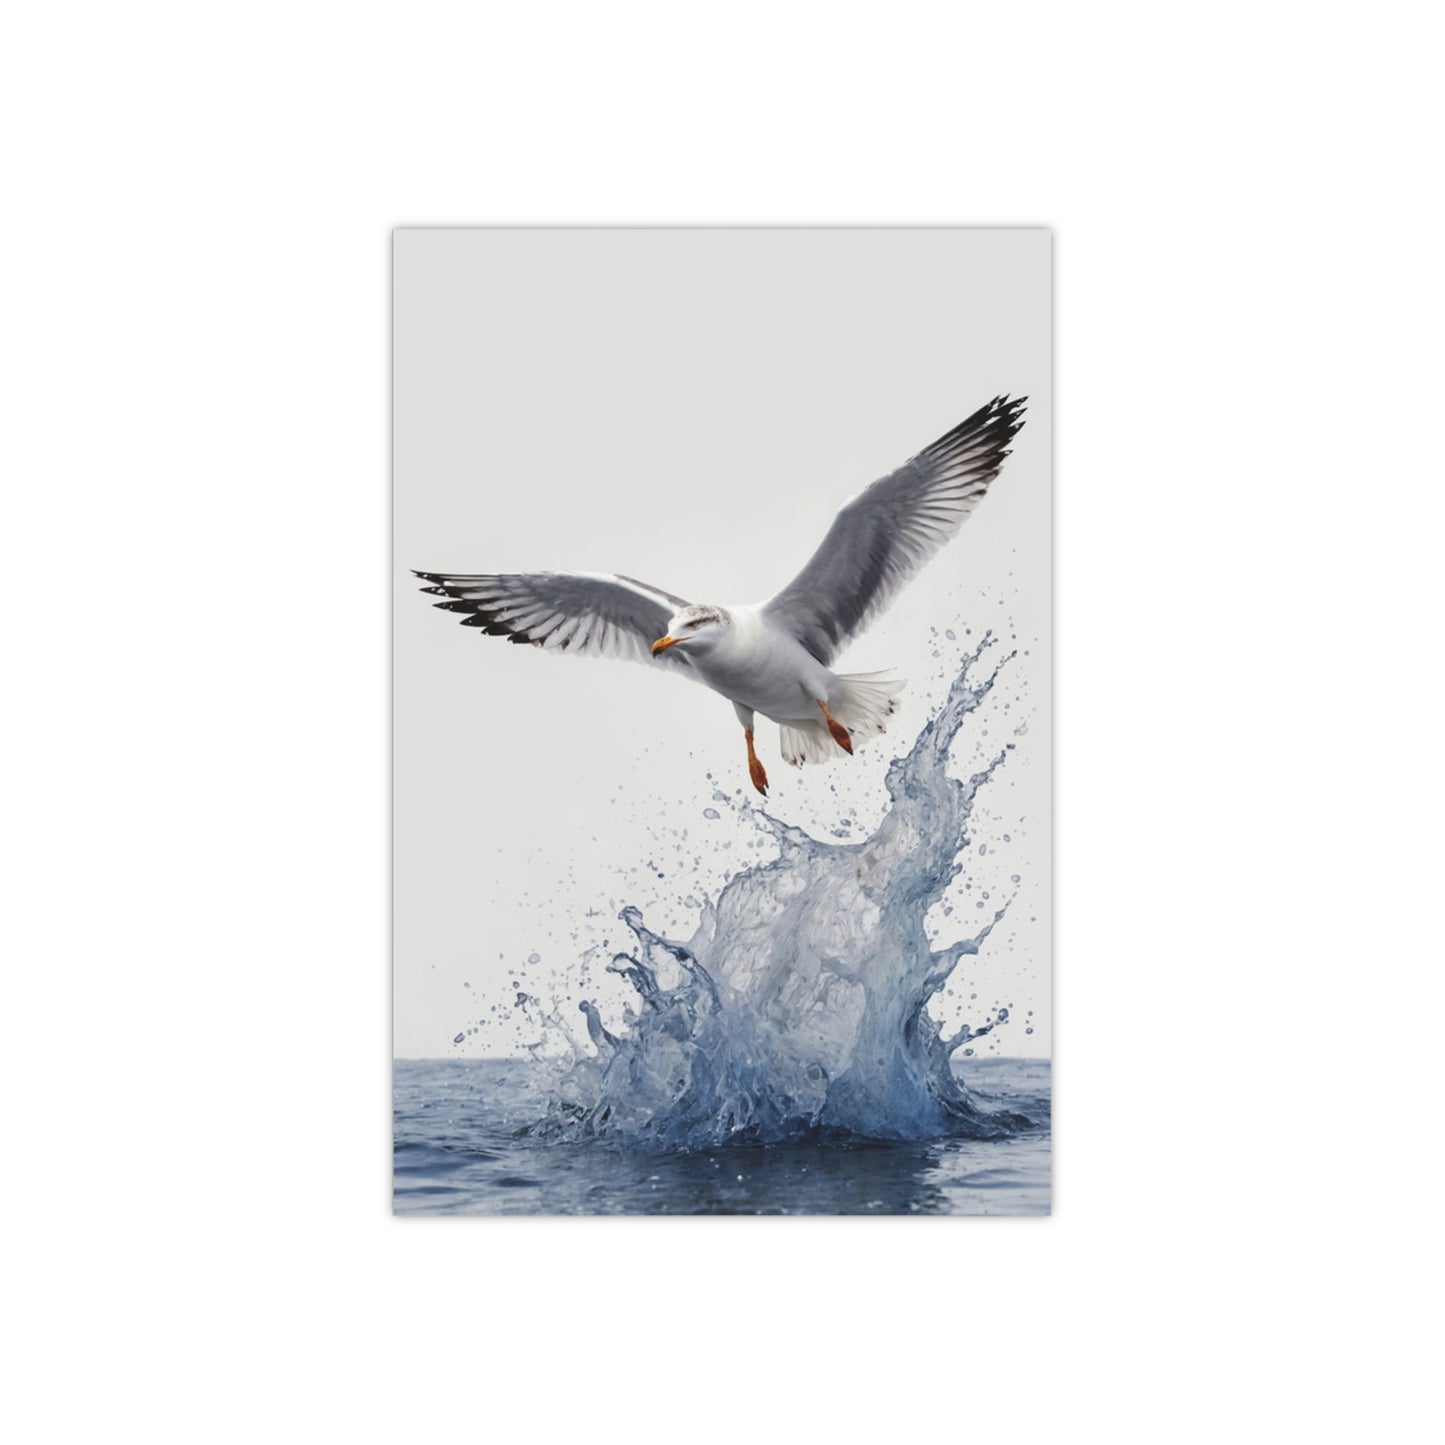 Splashwinger the Seagull - Poster
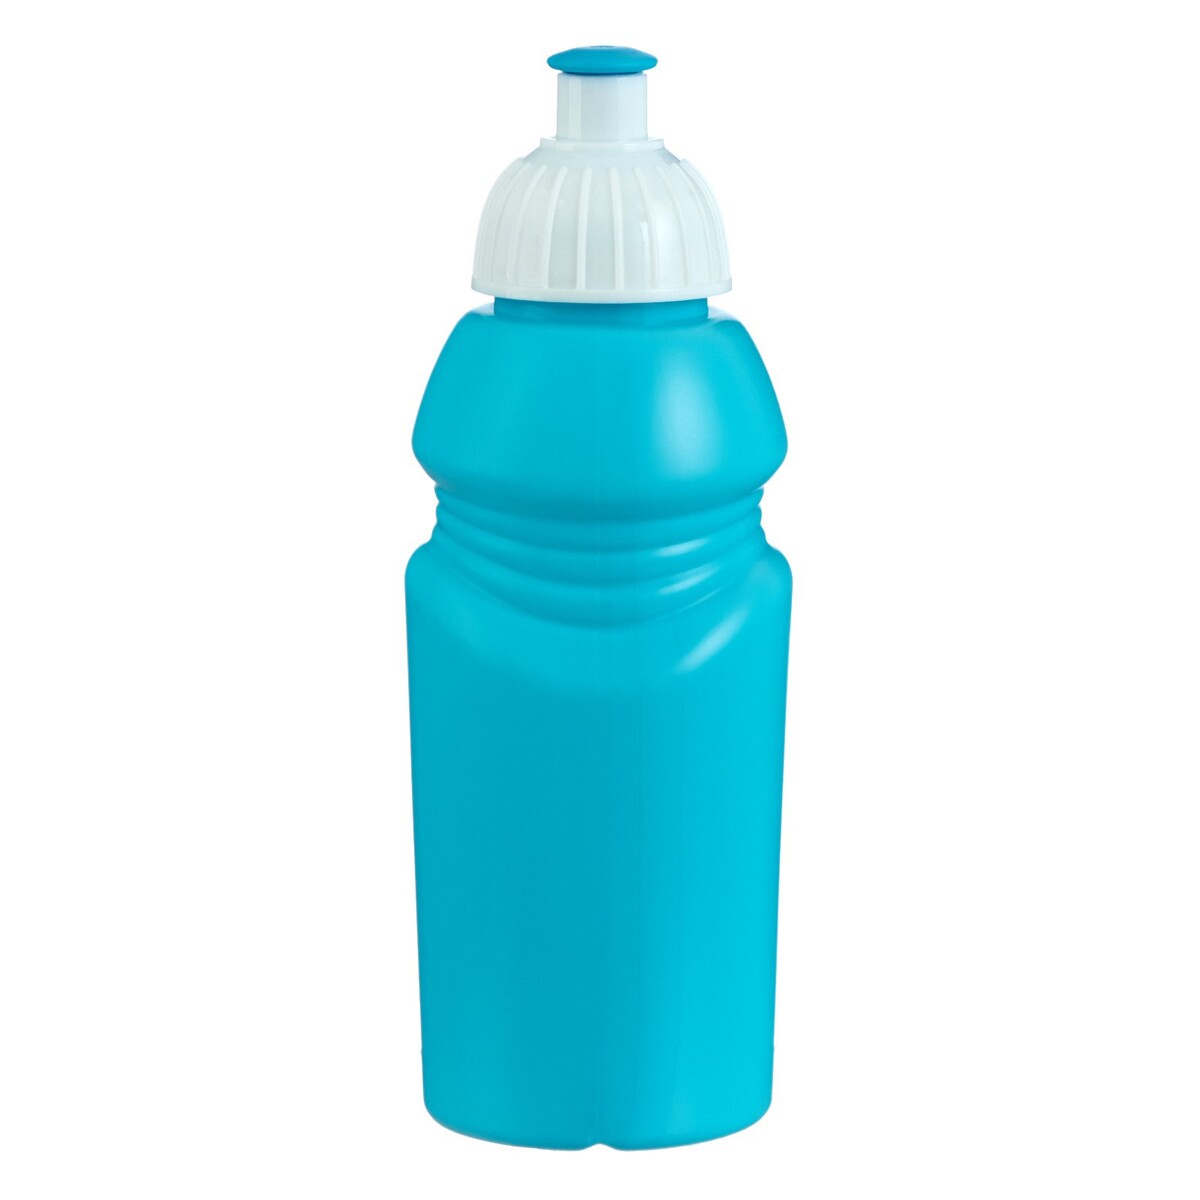 Бутылка для воды велосипедная, 400 мл, с соской, 18 х 6.2 х 6.2 см, голубая бутылка тритановая арт 720 1000 1000 мл голубая матовая с ситечком голубой
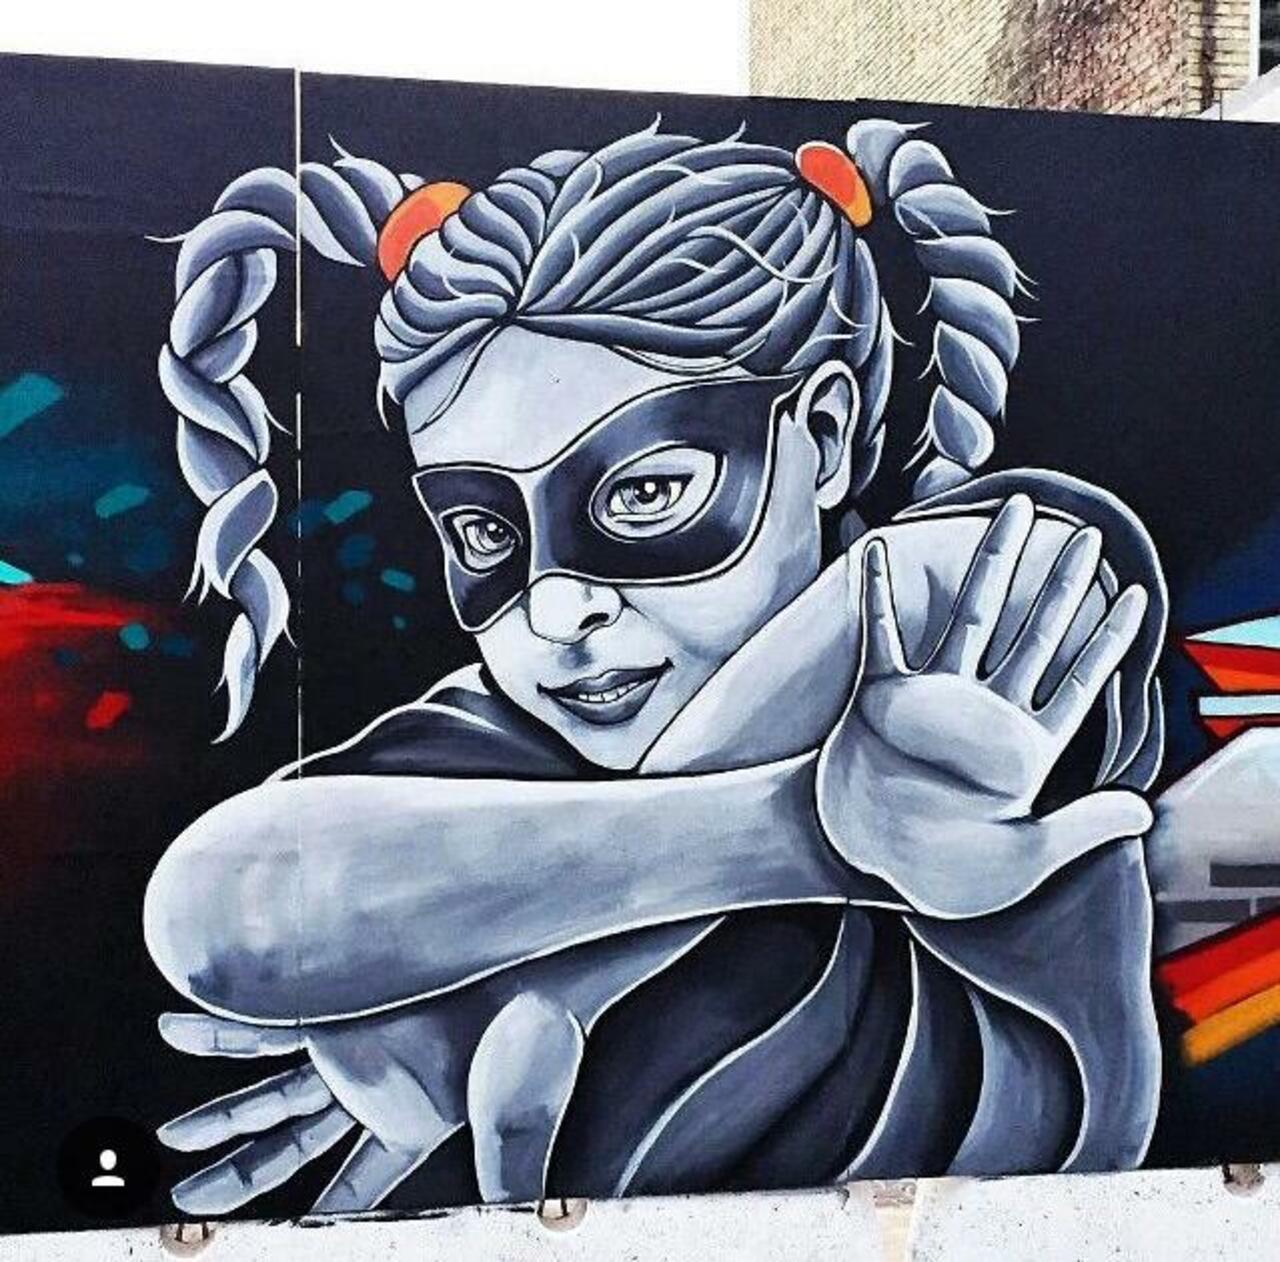 Street Art by Stinehvid 

#art #graffiti #mural #streetart http://t.co/pDu3lnTU2X
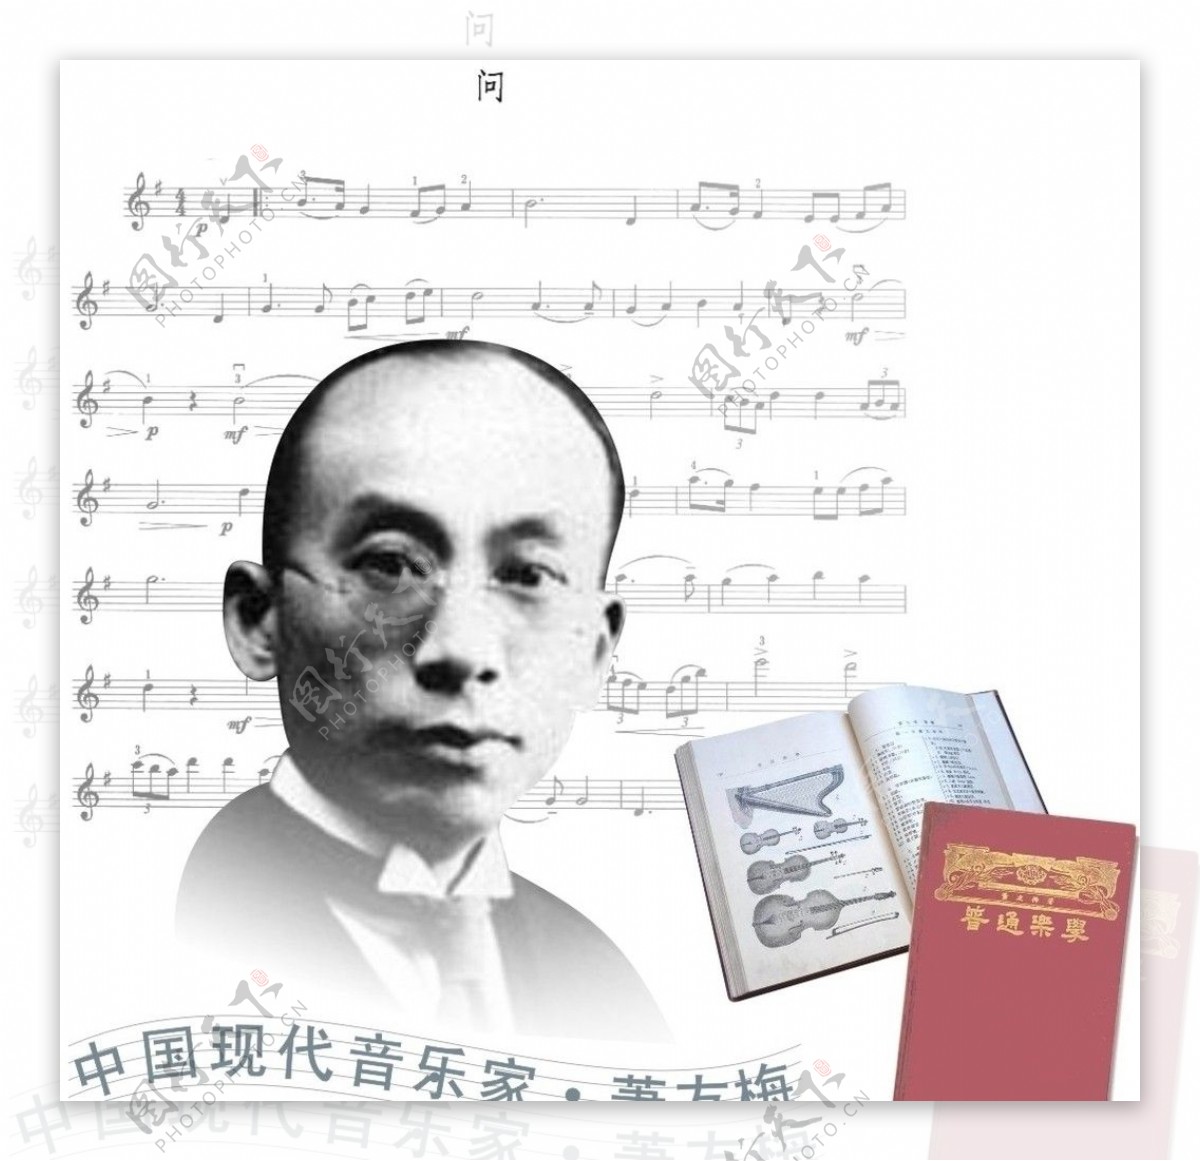 中国现代音乐家萧友梅图片
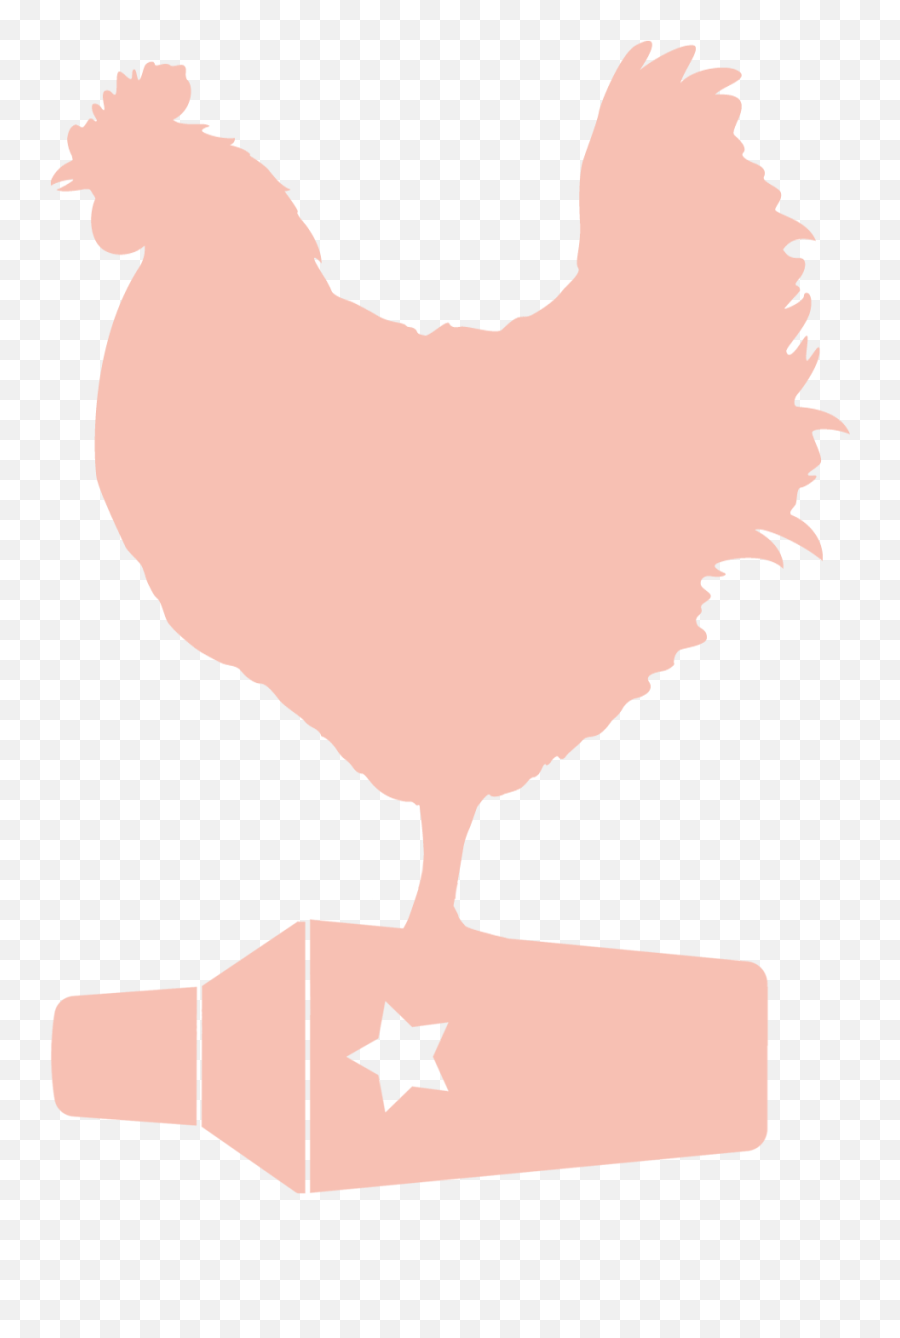 Chickens Clipart Orange Chicken - Comb Emoji,Rooster Logo
□ □ □ □ □ □ □
DIRECTIONS: Only the records are wanted, copied exactly, with the pictures dropped.

EXERCISE RESPONSE:
 Splashwinger the Seagull - Poster
 Бутылка для воды велосипедная, 400 мл, с соской, 18 х 6.2 х 6.2 см, голубая бутылка тритановая арт 720 1000 1000 мл голубая матовая с ситечком голубой
 Street Art by Stinehvid 

#art #graffiti #mural #streetart http://t.co/pDu3lnTU2X
 中国现代音乐家萧友梅图片
 Chickens Clipart Orange Chicken - Comb Emoji,Rooster Logo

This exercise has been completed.